English has influences from many other European languages, and Hogmanay is a word from Scotland. It means the last day of the year, or 'new year's eve', but you will often hear it called 'old years night' in Scotland.

Hogmanay is also the name of the party that starts on old year's night and carries on into the early hours of the next morning, or the 'wee small hours'. This is one of the highlights of the Scottish calendar, and Scottish residents get an extra day off in the new year to recover!

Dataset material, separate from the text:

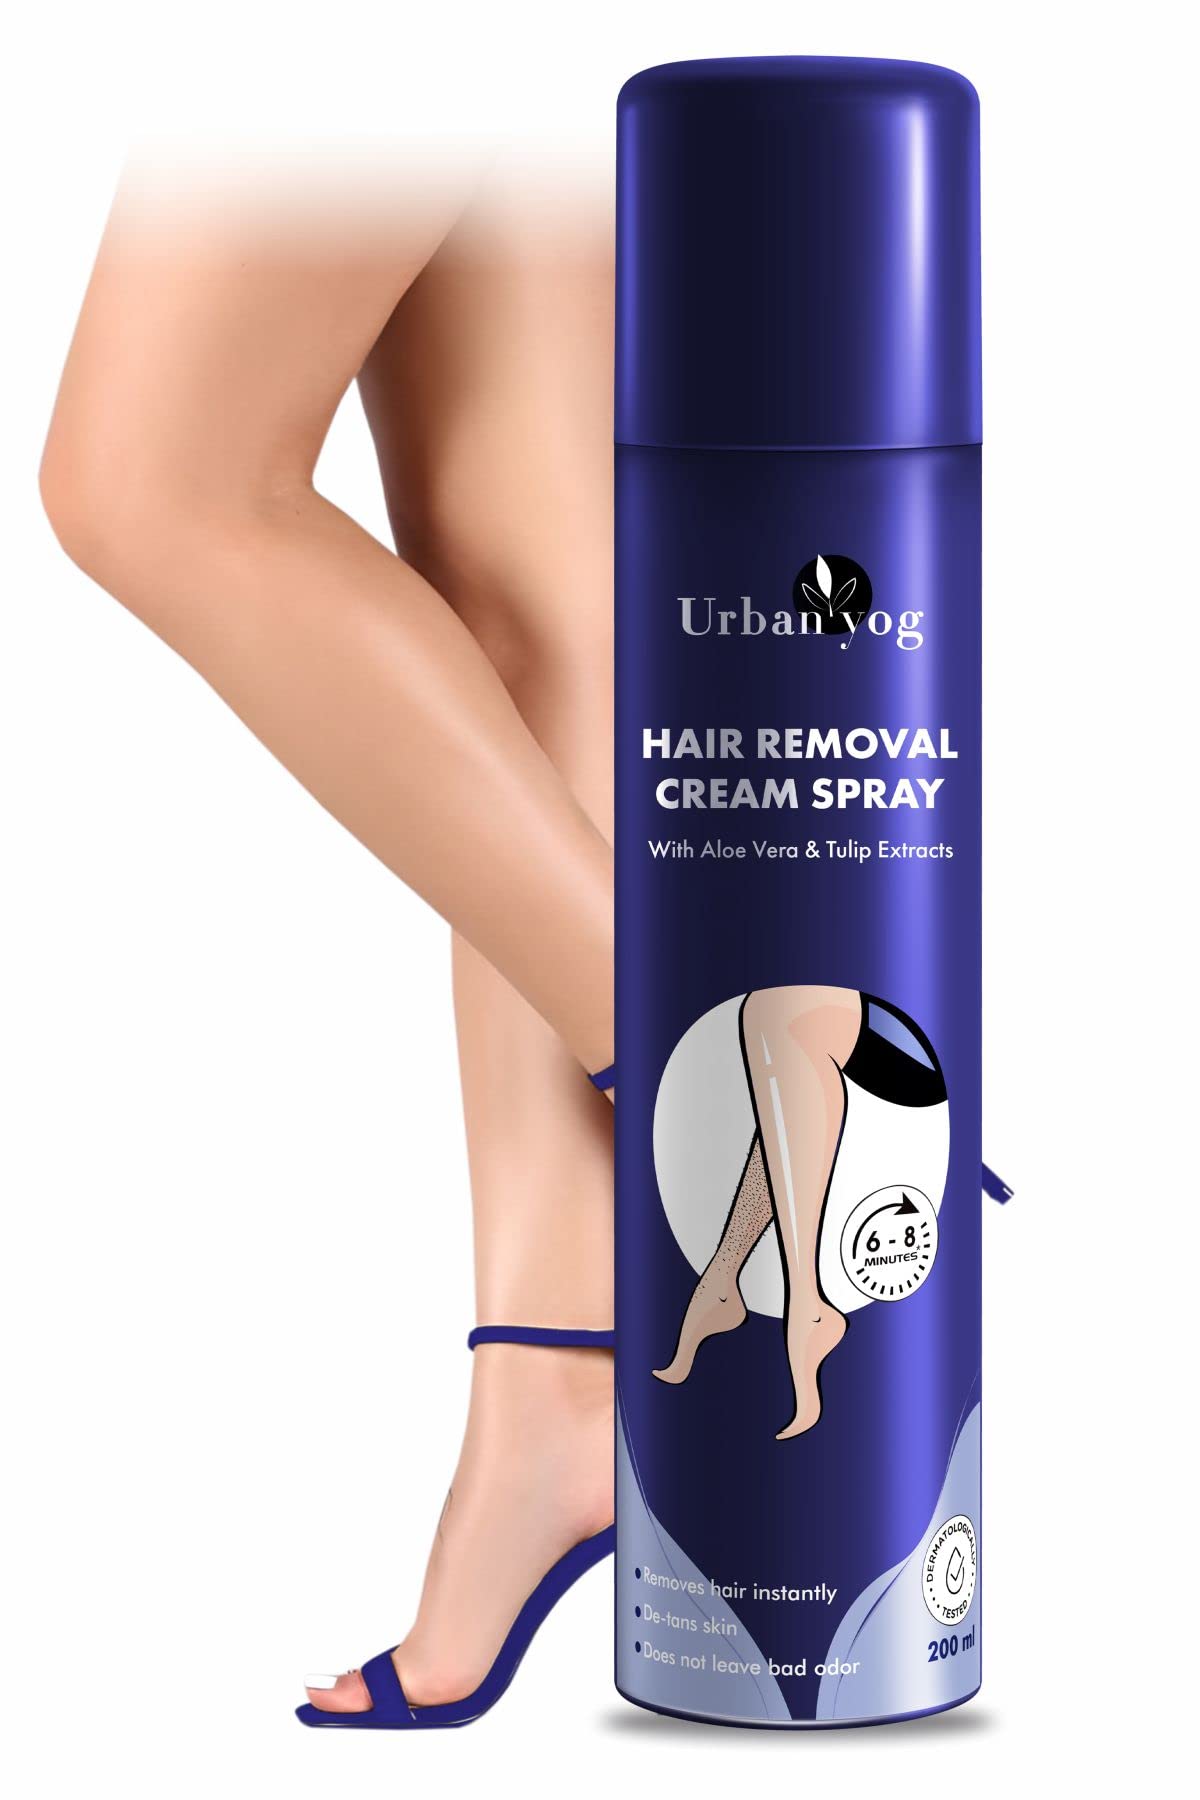 Urban Yog Hair Removal Cream Spray for Women (Tulip) (200 ML * Pack of 2)
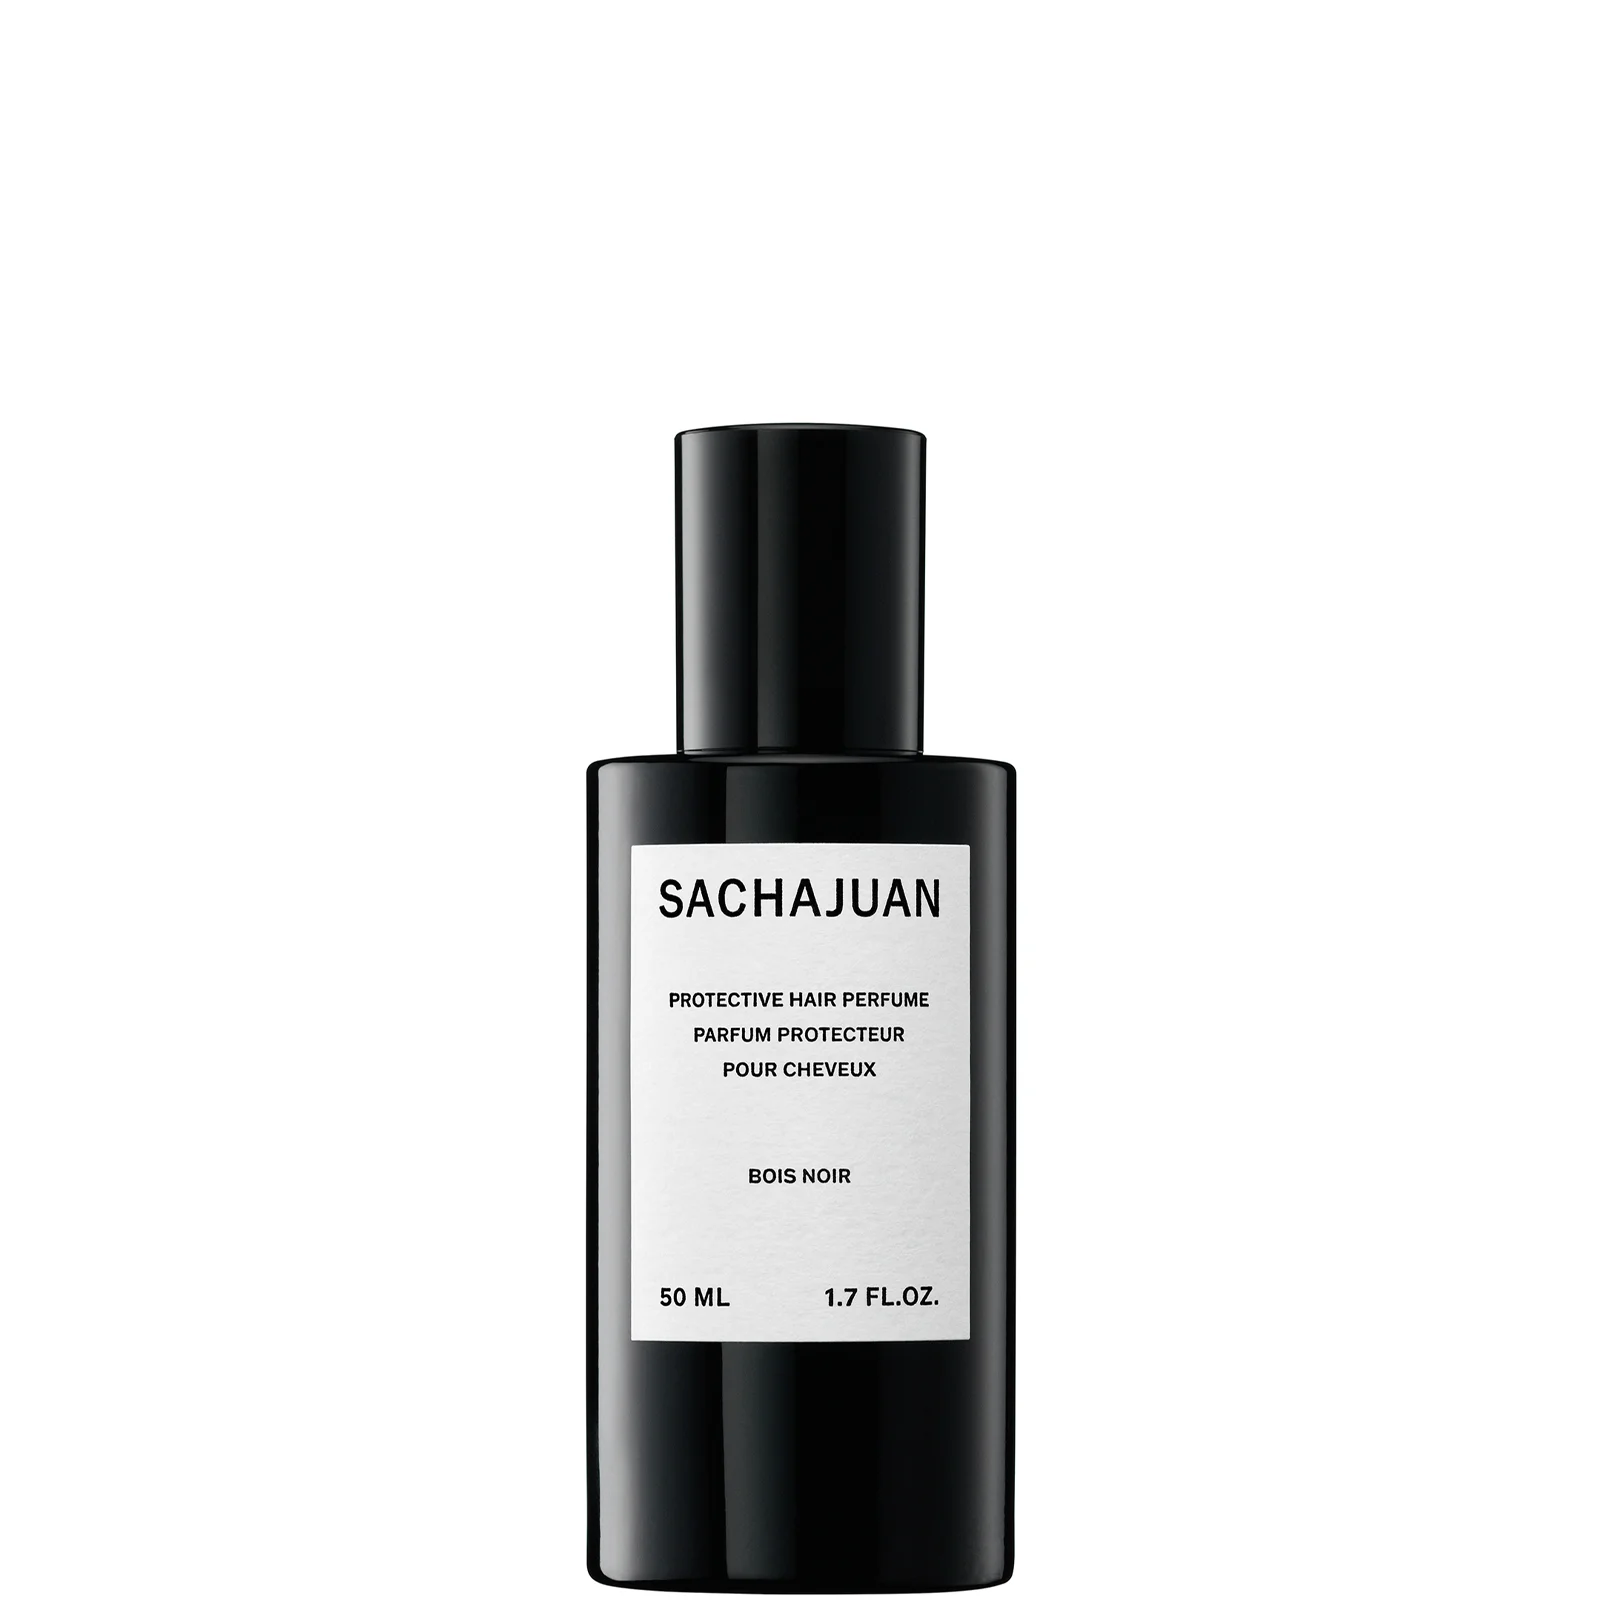 Sachajuan Protective Hair Perfume 50ml Image 1

There are many traditions associated with Hogmanay. It's traditional to sing 'Auld Lang Syne' on the stroke of midnight. Auld Lang Syne is a sentimental song written by famous Scots poet Robert Burns that reflects on old friends you may have lost touch with over the years. In Scotland, people then visit friend's houses with the traditional gift of a lump of coal for the fire. The first person to visit your house in the new year is known as the 'first footer' and will often enjoy a small drink, or 'nip' of whisky.

Scotland's capital city, Edinburgh, organises a massive party for Hogmanay, and it really is a fantastic spectacle. You shouldn't miss the torchlight procession followed by a fantastic fireworks display. You can read more about Edinburgh's plans for Hogmanay on the official Edinburgh Hogmanay Website.

Even if you can't visit for Hogmanay, there's no better place to explore Scotland's unique heritage and culture than from our English School in Edinburgh.

What are you doing for Hogmanay?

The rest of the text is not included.